#### Provided material:
•••••

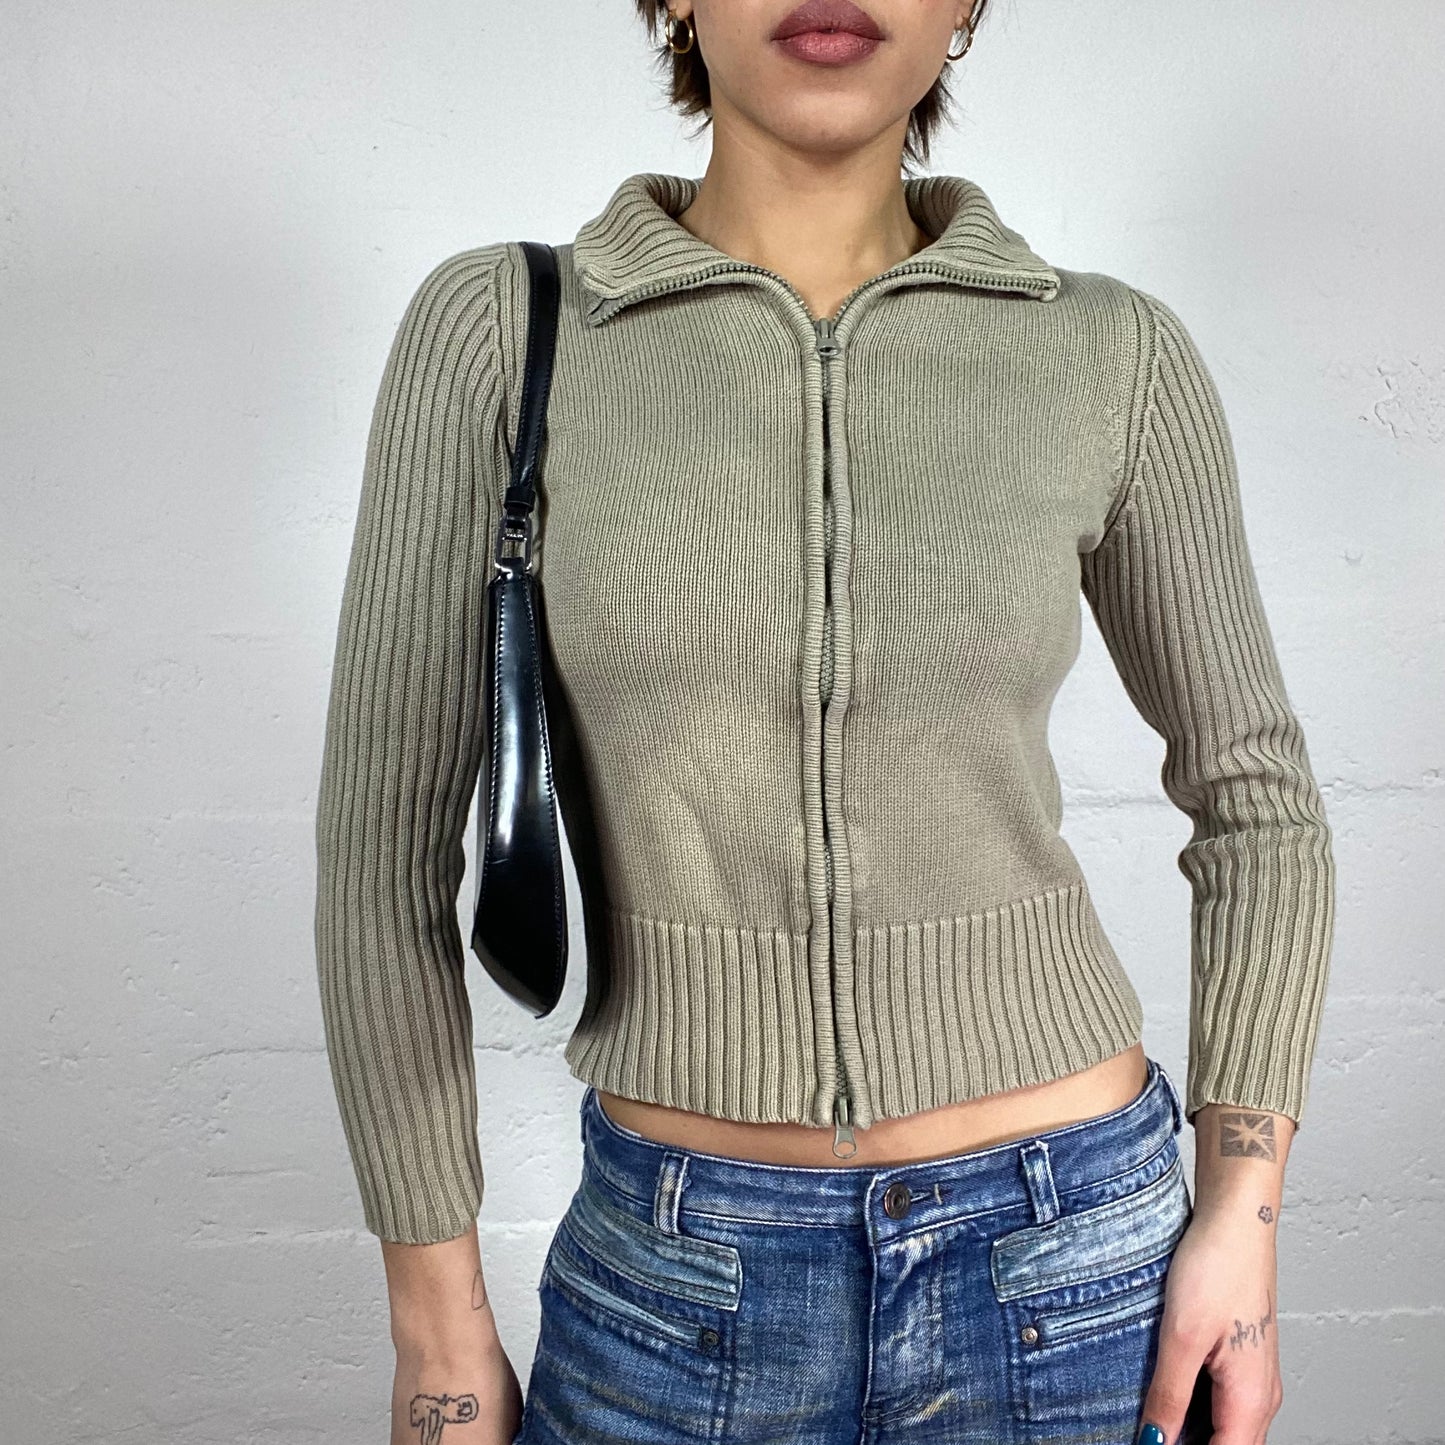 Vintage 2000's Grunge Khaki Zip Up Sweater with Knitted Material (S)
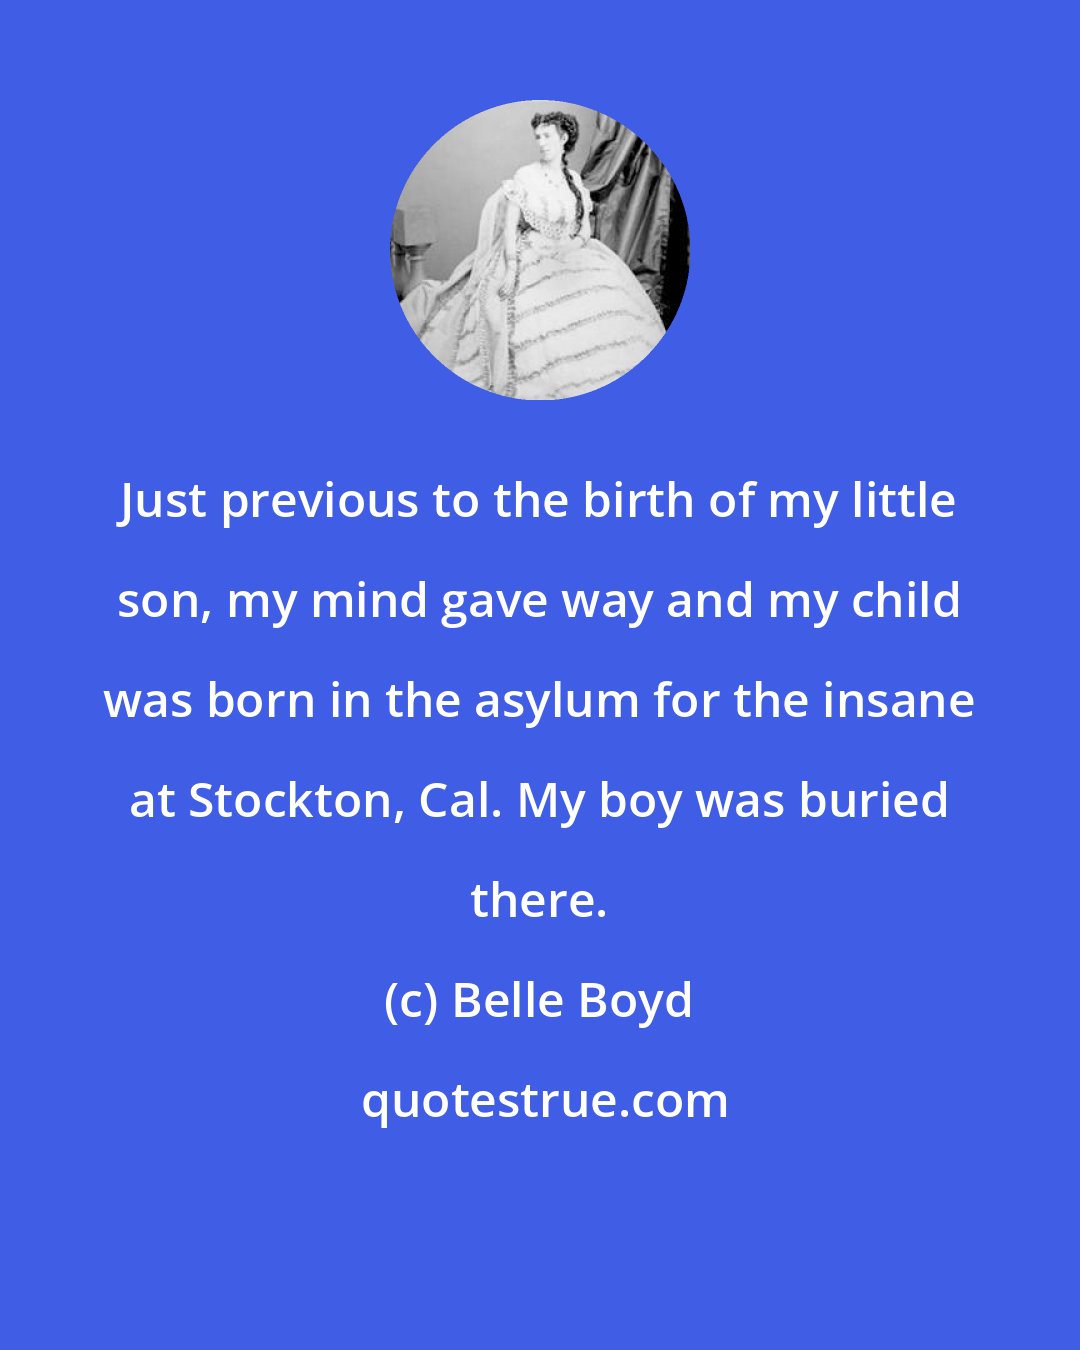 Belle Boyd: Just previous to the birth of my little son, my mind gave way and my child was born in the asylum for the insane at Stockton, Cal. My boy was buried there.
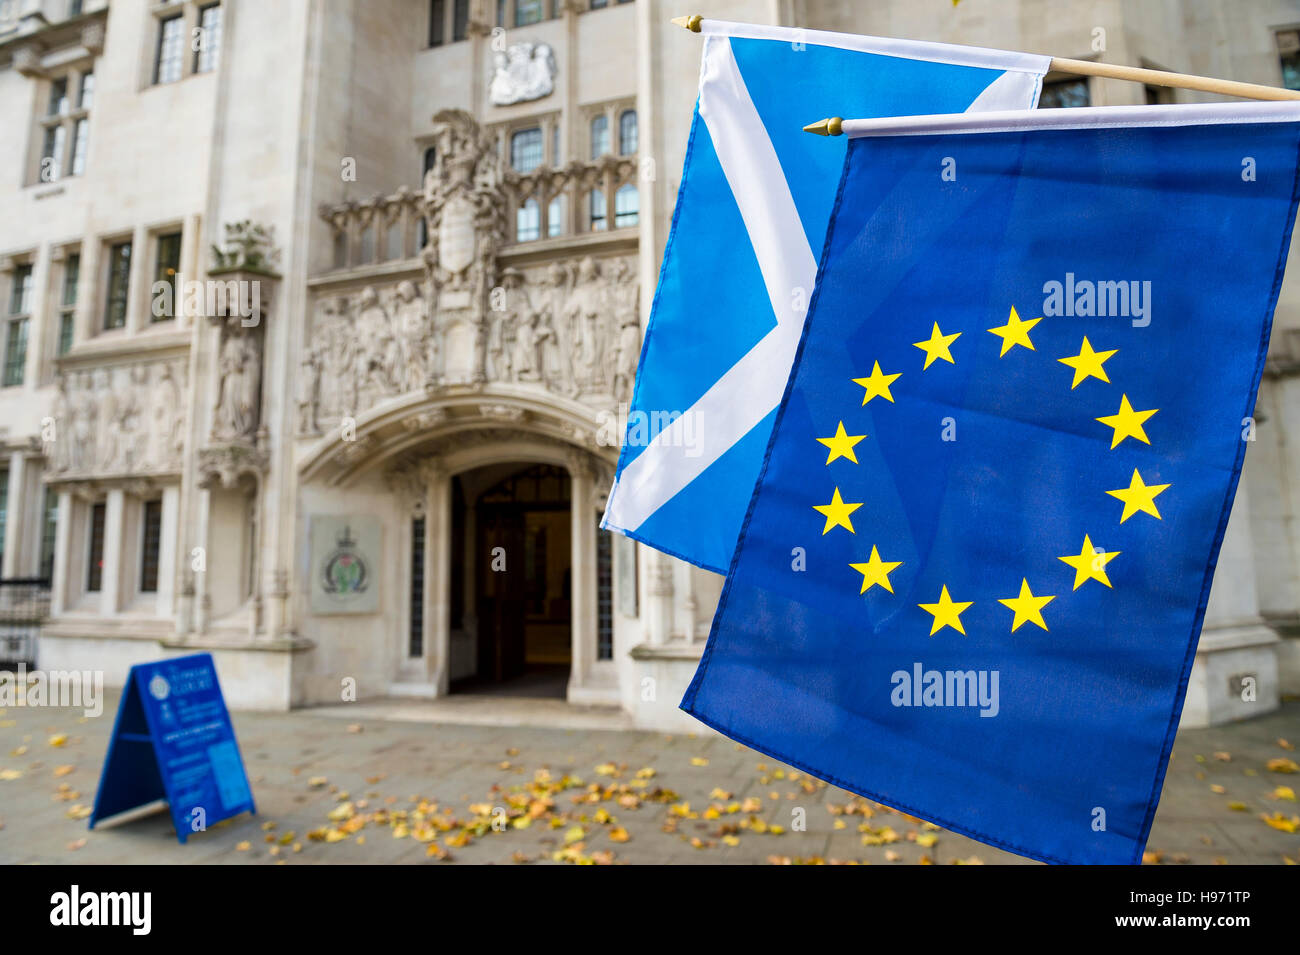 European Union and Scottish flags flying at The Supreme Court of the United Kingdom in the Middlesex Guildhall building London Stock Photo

•••••

Word for word, restate every line of the listing, omitting the pictures.

 Vintage 2000's Grunge Khaki Zip Up Sweater with Knitted Material (S)
 Belle Boyd: Just previous to the birth of my little son, my mind gave way and my child was born in the asylum for the insane at Stockton, Cal. My boy was buried there.
 European Union and Scottish flags flying at The Supreme Court of the United Kingdom in the Middlesex Guildhall building London Stock Photo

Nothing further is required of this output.